I understand that most siege towers would have been covered in material that would be difficult to catch fire. Once it was brought up close enough to unload soldiers through the top, what stopped the enemy from just continually sending men through it to the top of the wall? I can only speculate that it would have been suicide to send soldiers that close to the wall to enter the tower.
You have to keep in mind something about sieges and battles everywhere, in every era : There's overall numbers ( the attackers usually have the upper hand in that variable in sieges), and you have the numbers at a defined point (for instance having 10 000 soldiers, of which 1000 are on that specific hill).
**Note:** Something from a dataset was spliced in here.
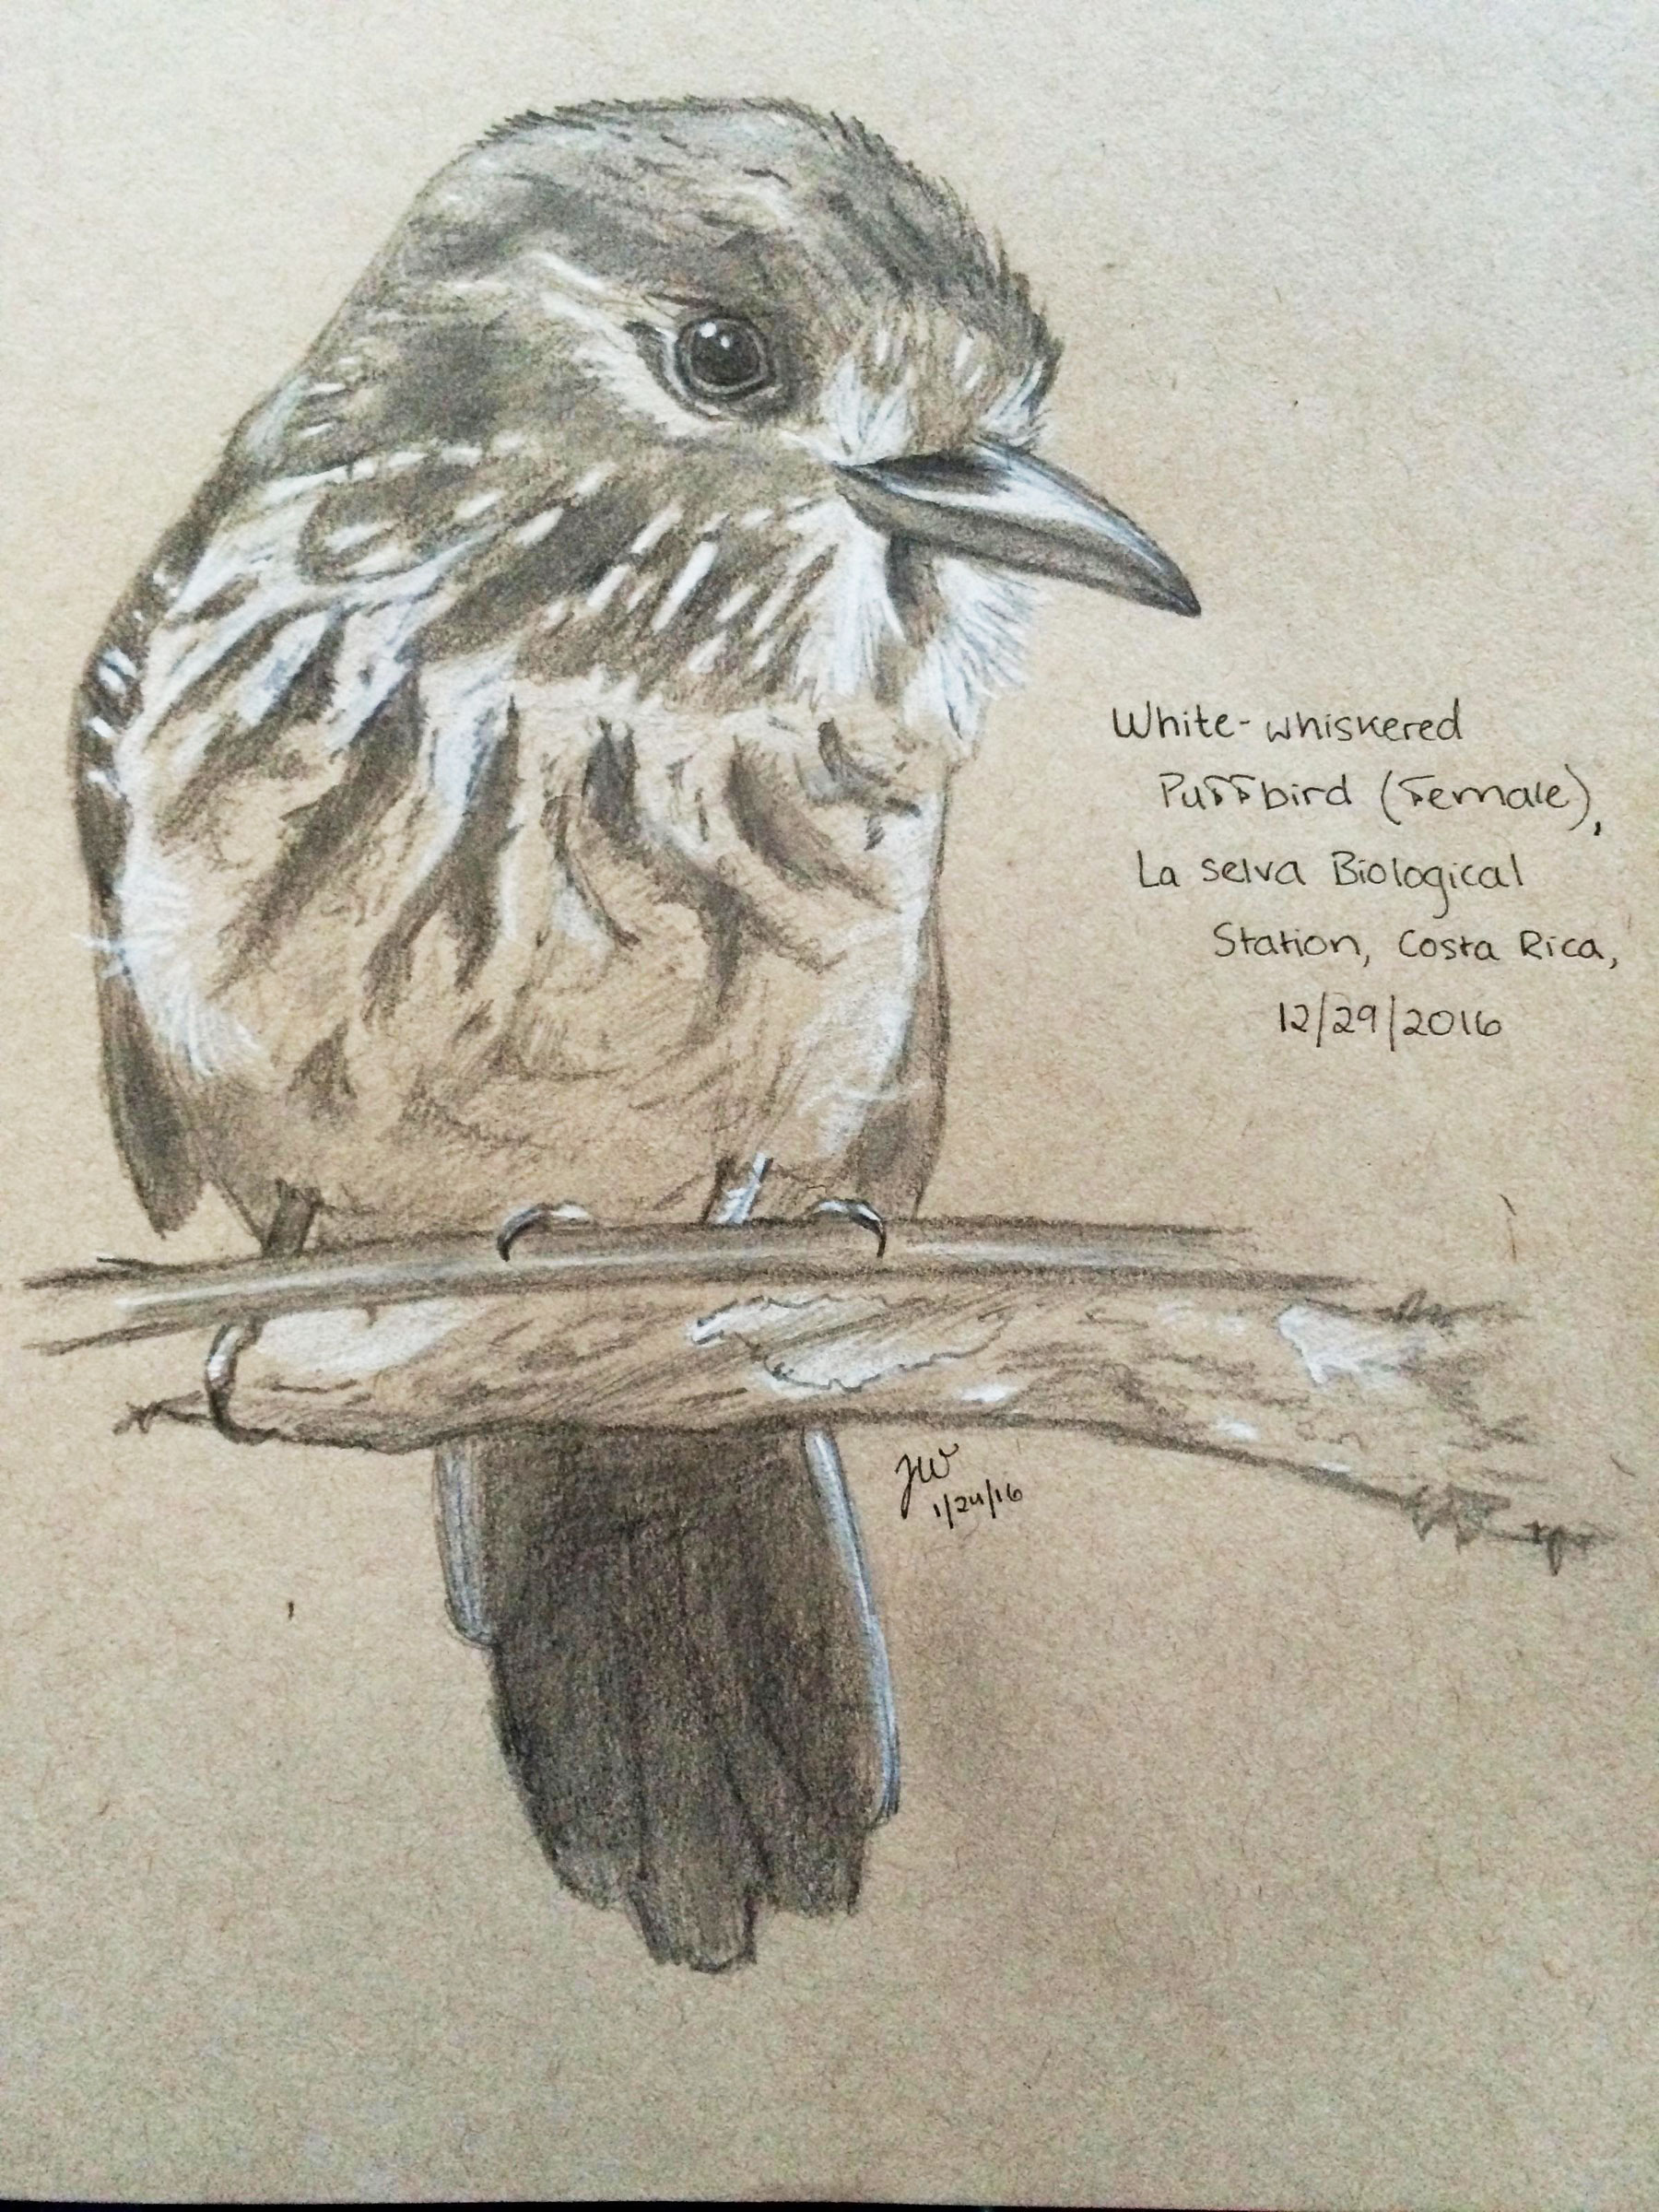 White-whiskered Puffbird. Illustration: Josh Ward

One of the keys to winning is having the numbers in your advantage, and an otherwise outnumbered army can and have defeated other armies by using their full strength against one part of their ennemies armies, and then turning back to face the rest of the army.
So now, back to the siege: By sending only one tower, or at least too few, up to a wall, what you're basically doing as the attackers is pitting yourself against an ennemy who has the entire wall and towers overlooking it to shoot at the soldiers coming in and out of it. They are probably going to get outnumbered unless they managed to get some space. So if you send your soldiers up the tower in this way, you are only having a small stream of your troops going up the wall to be slaughtered.
Let's say this is the wall and the tower
=====O===========0==========0===========0
HH
Os are the watchtowers, == the wall itself, and HH your tower. Even if the attacking army covers the fields entirely, the tower is a bottlneck that gives the defending army the advantage in numbers in that defined place.